Nos bastidores da pré-produção, Bryan Fuller, roteirista e criador de séries como Dead Like Me e Deuses Americanos, apresentou a ideia de fazer uma antologia com Jornada nas Estrelas. Assim como acontece com American Horror Story, de Ryan Murphy, onde cada temporada seria apresentada uma face do Universo de Jornada nas Estrelas, começando com Discovery, onde a trama seria conduzida por um oficial de menor patente e não o capitão da USS Discovery, como seria mais tradicional.
OK, vamos criar algo diferente e atrativo que, certamente, fará o fã assinar o serviço do CBS ALL Access e, com sorte, mostrar o caminho para quem não é fã mas gostaria de ver uma boa produção de ficção científica. É claro que tudo isso era uma discussão acadêmica, já que por diferenças criativas, Fulller saiu da série deixando quem sobrou com a responsabilidade de seguir em frente com o projeto com uma primeira temporada em andamento. Para os executivos da CBS All Access, o resultado se teriam acertado no lançamento da série viria com o relatório de assinaturas canceladas após a série entrar no ar.

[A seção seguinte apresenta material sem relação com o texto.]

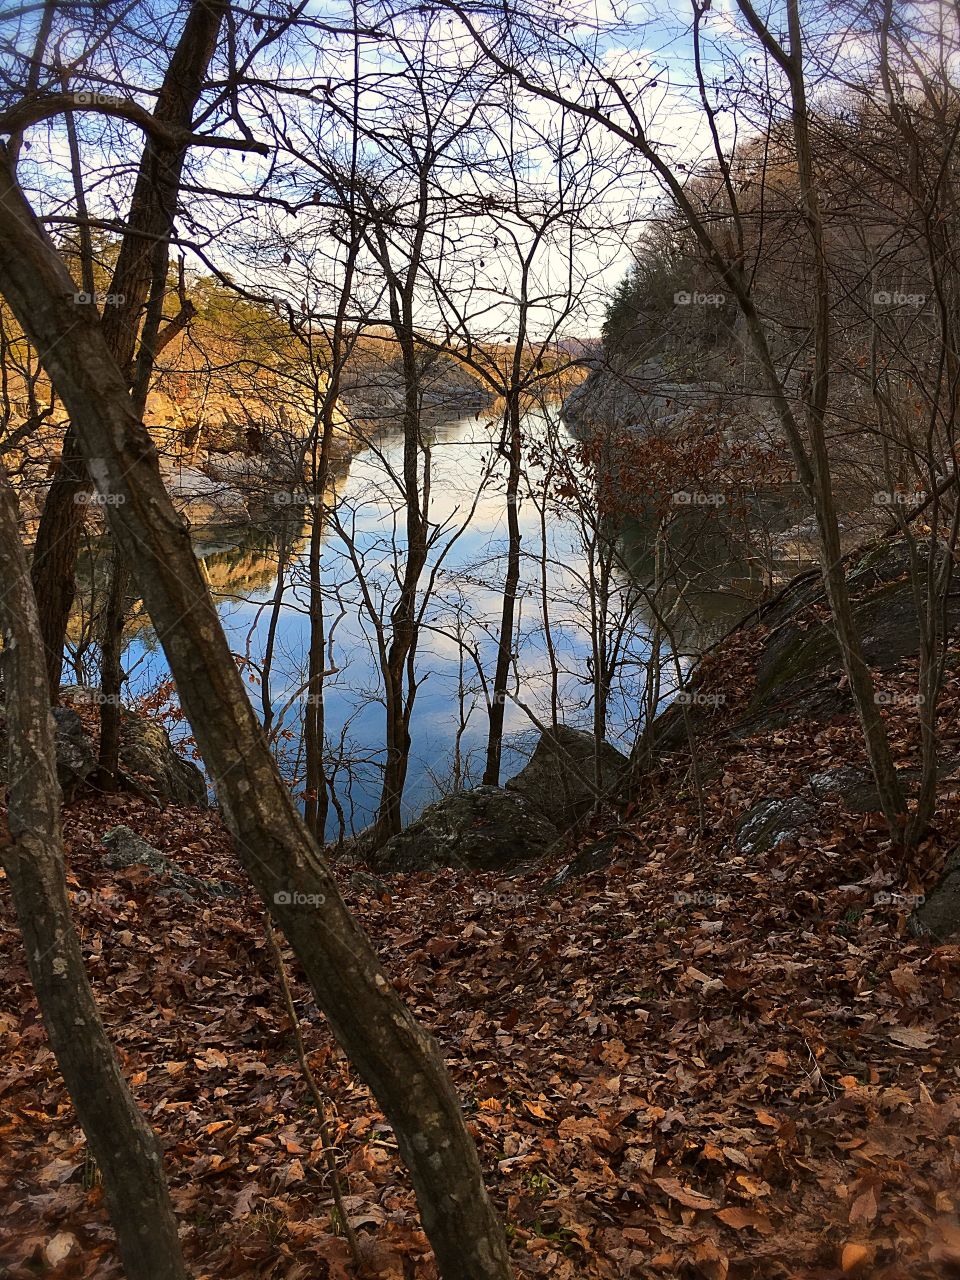 Potomac River in December

Diferente do que muita gente ficou acostumada com o efeito Netflix, a série Discovery será exibida como se fosse programada por uma emissora de TV tradicional, com um novo episódio estreando semanalmente. Essa ideia também tinha por trás o objetivo de medir a continuidade da série. Se não atingisse seus objetivos, Discovery duraria uma temporada. O que aconteceu, como se pode ver até hoje, foi o contrário.
O sucesso da série não ficou em cima do voluntarioso público-fã de Jornada nas Estrelas. Ao contrário, muitos dos fãs, especialmente os que já assistiram as séries anteriores, especialmente a Clássica de 1966, foram árduos combatentes e críticos ferozes a cada nova temporada. A primeira “briga” foi com o fato de que a série cronologicamente se passa cinco anos antes da tripulação da Enterprise ser comandada por James T. Kirk (William Shatner), mas a tecnologia da USS Discovery é centenas de anos à frente da USS Enterprise e outras naves da Federação.
A “briga” se intensificou quando um dos episódios mostra um hollodeck, uma sala com projeção de simulações de combate e recreação realistas, conceito que foi introduzido na série Jornada nas Estrelas – A Nova Geração, que se passa perto de 80 anos da série Clássica. Mas o inferno na Terra foi conjurado quando os produtores, numa tentativa de sair do buraco criativo em que se meteram, decidiram mudar radicalmente o rumo da temporada introduzindo o Universo Espelho, um mundo paralelo onde a Federação Unida de Planetas é a versão do mal da entidade que conhecemos.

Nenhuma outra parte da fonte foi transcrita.